- **Data section**

◆ ◆ ◆ ◆ ◆

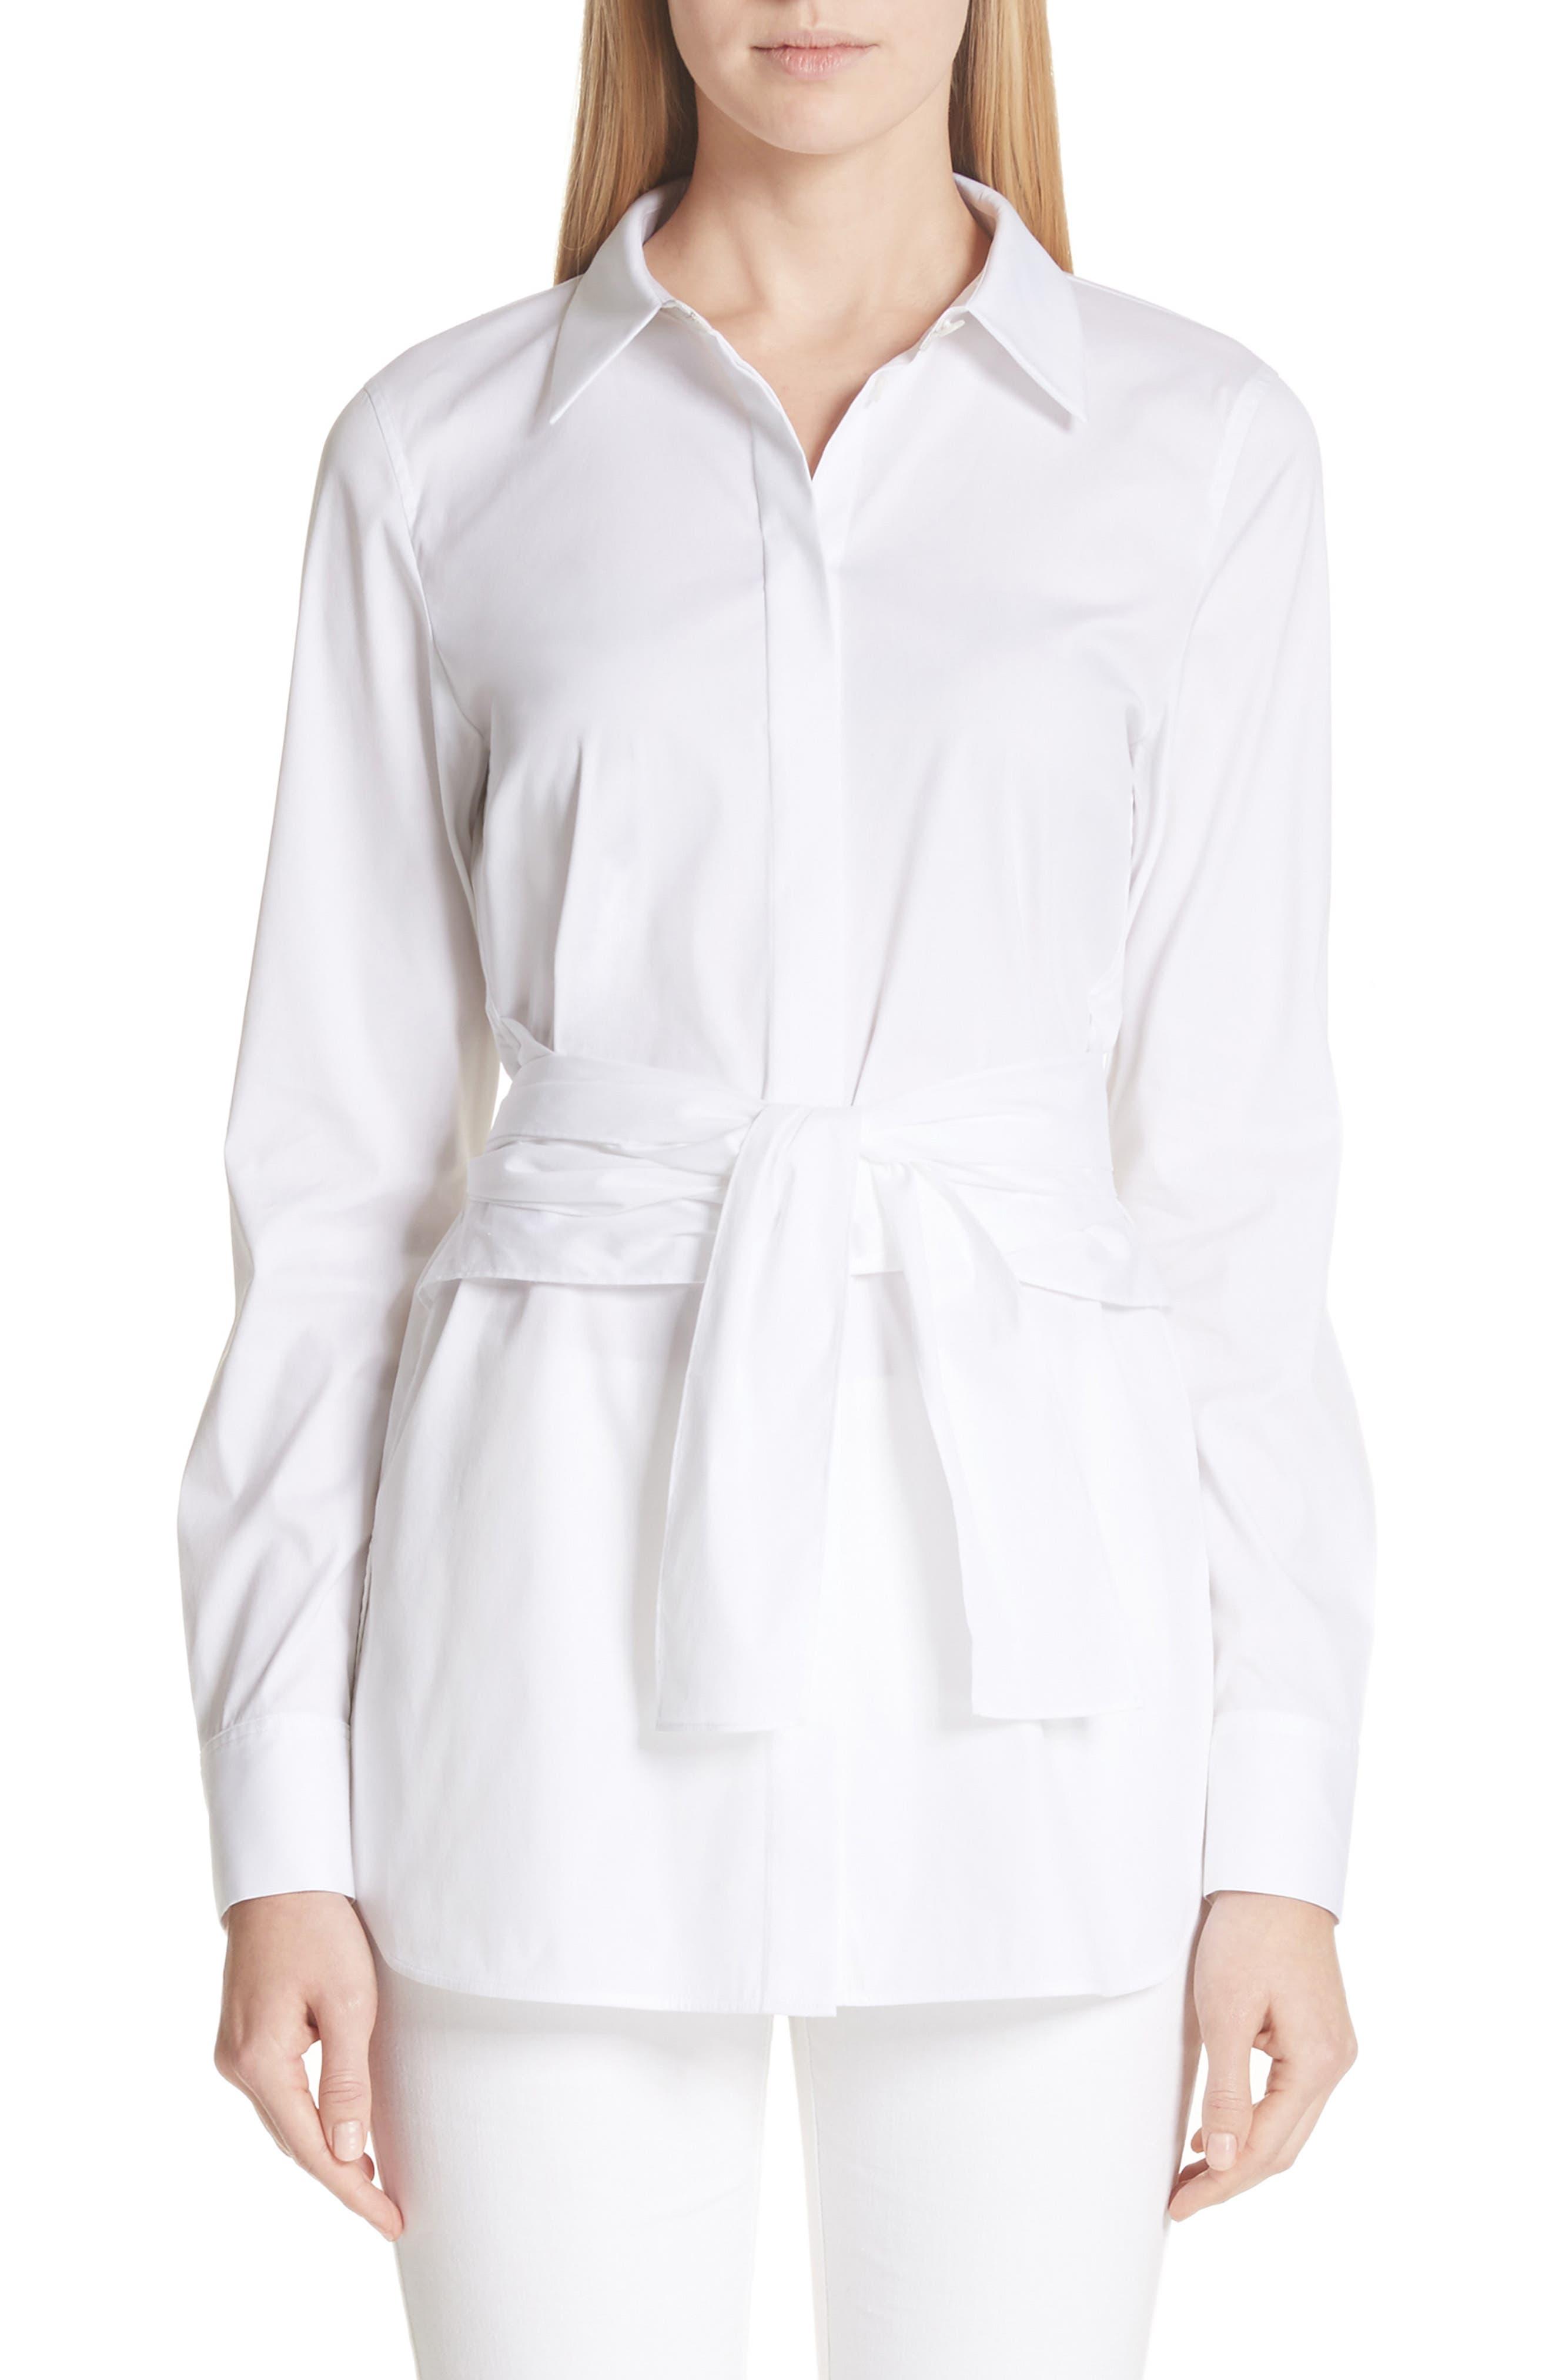 Cordelia Stretch Blouse,                         Main,                         color, White
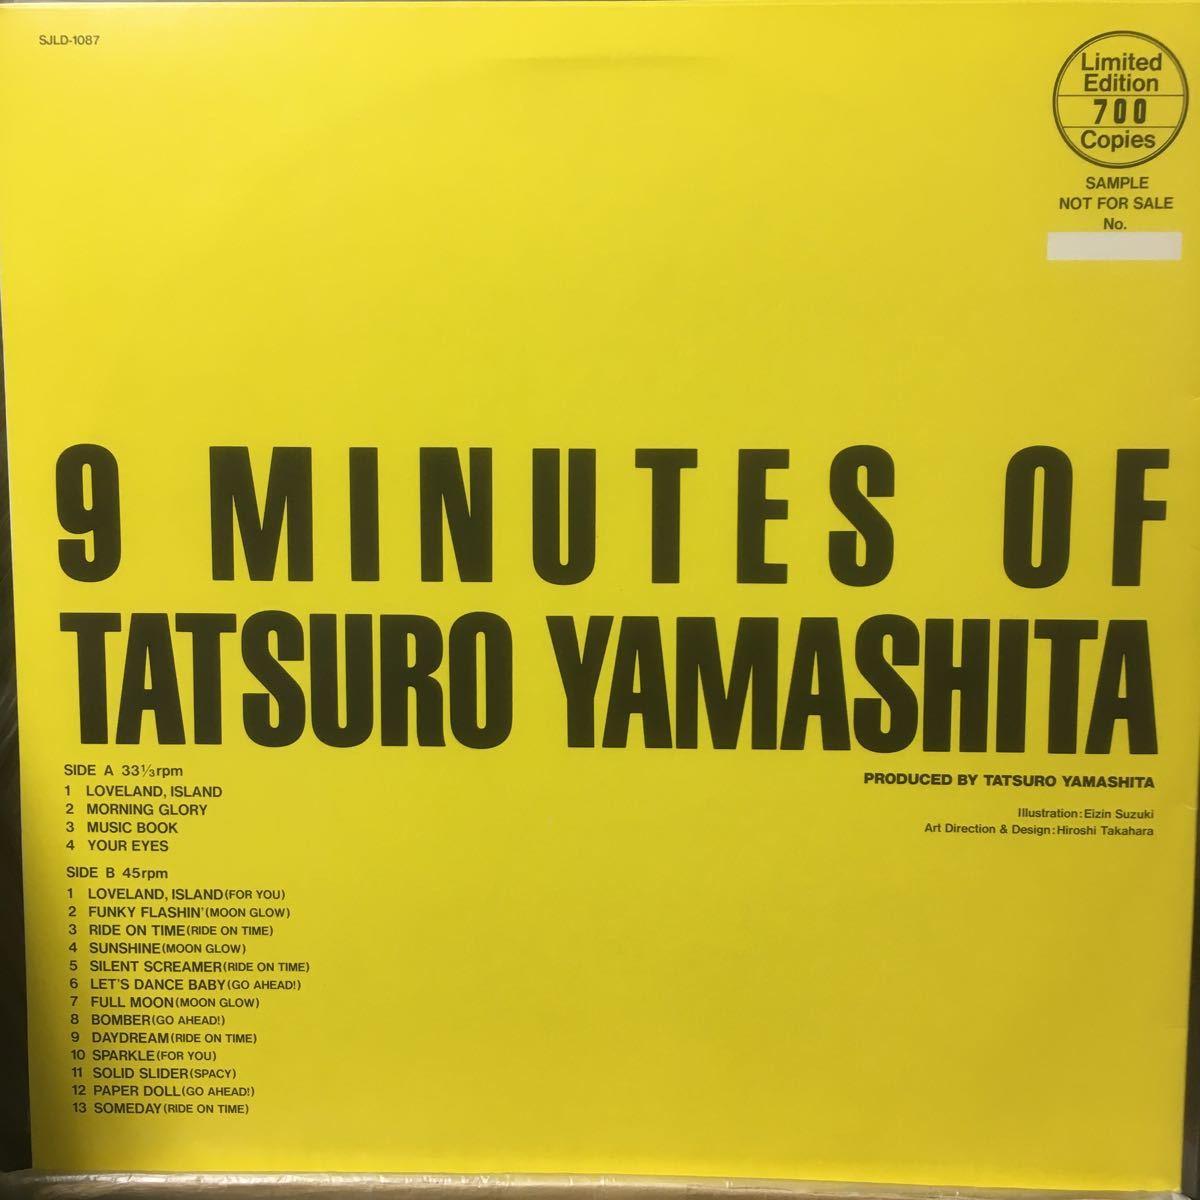 DJ COPY★山下達郎/9 MINUTES OF TATSURO YAMASHITA 限定700枚 ピクチャー・レコード SJLD-1087_画像4
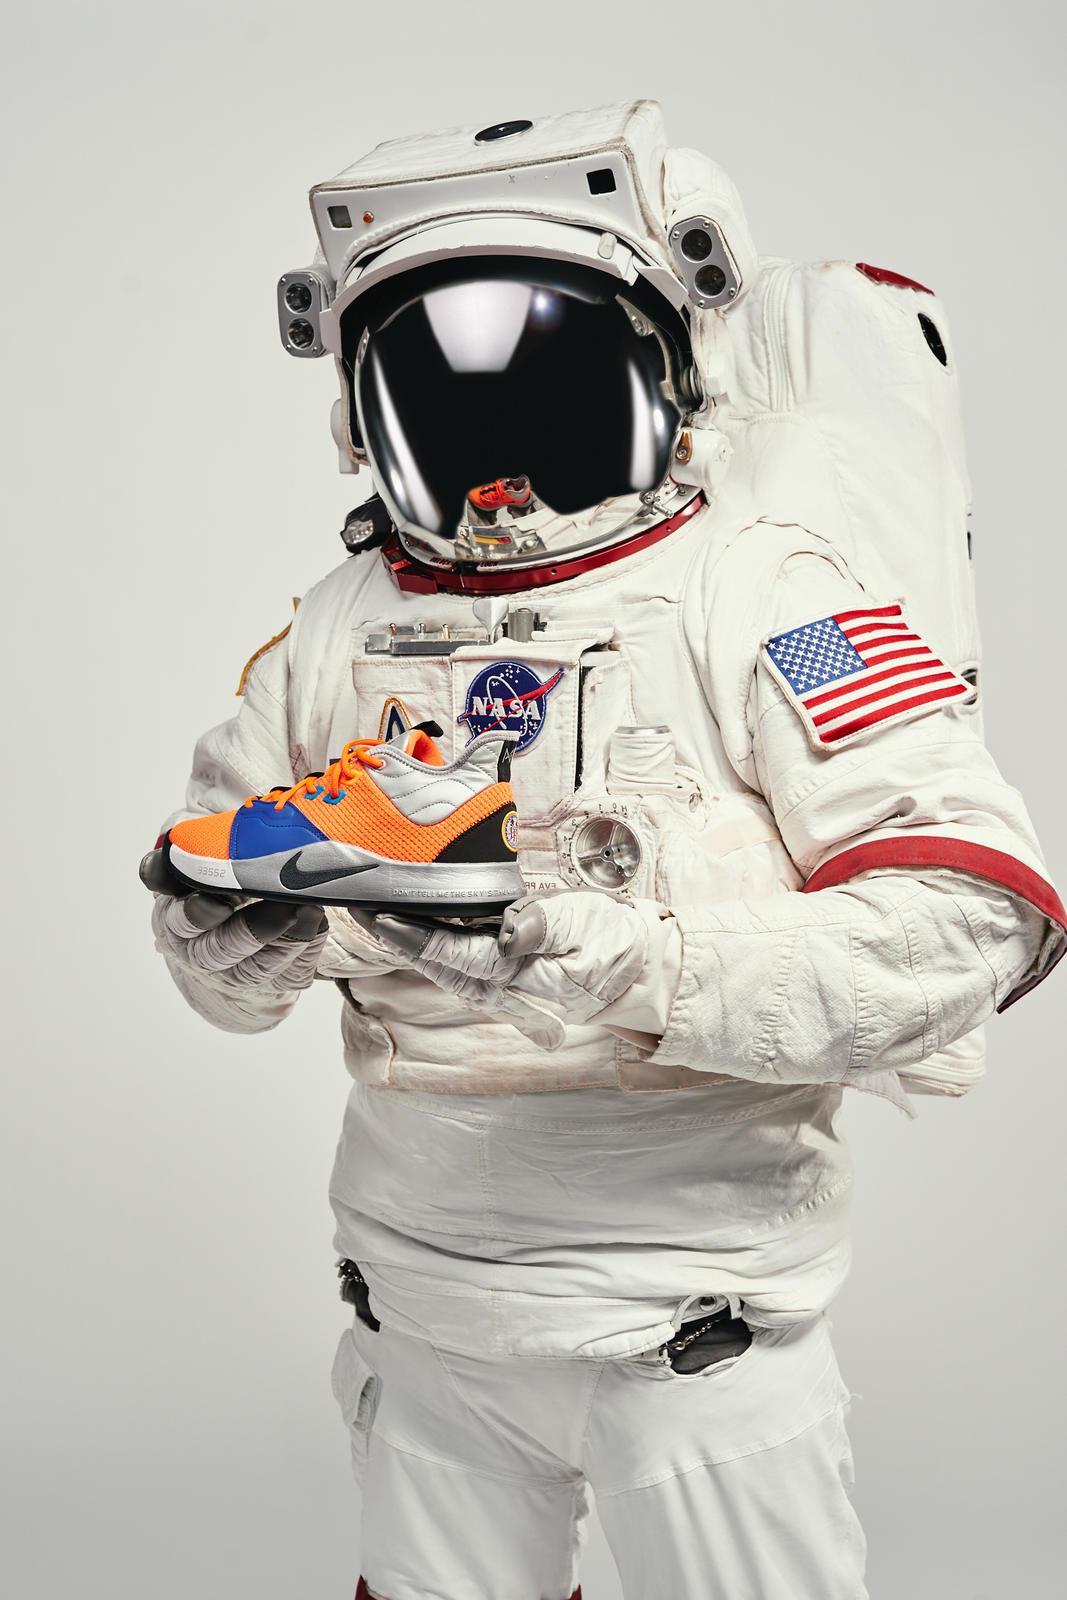 online retailer fd4ef c61f7 NIKE PAUL GEORGE NASA SNEAKERS | The Sinsa The Sinsa ...

◆ ◆ ◆ ◆ ◆

- **Exercise prompt**
Only the text of the listing above is wanted, transcribed exactly, without its images.

- **Solution**
 Cordelia Stretch Blouse,                         Main,                         color, White
 DJ COPY★山下達郎/9 MINUTES OF TATSURO YAMASHITA 限定700枚 ピクチャー・レコード SJLD-1087_画像4
 online retailer fd4ef c61f7 NIKE PAUL GEORGE NASA SNEAKERS | The Sinsa The Sinsa ...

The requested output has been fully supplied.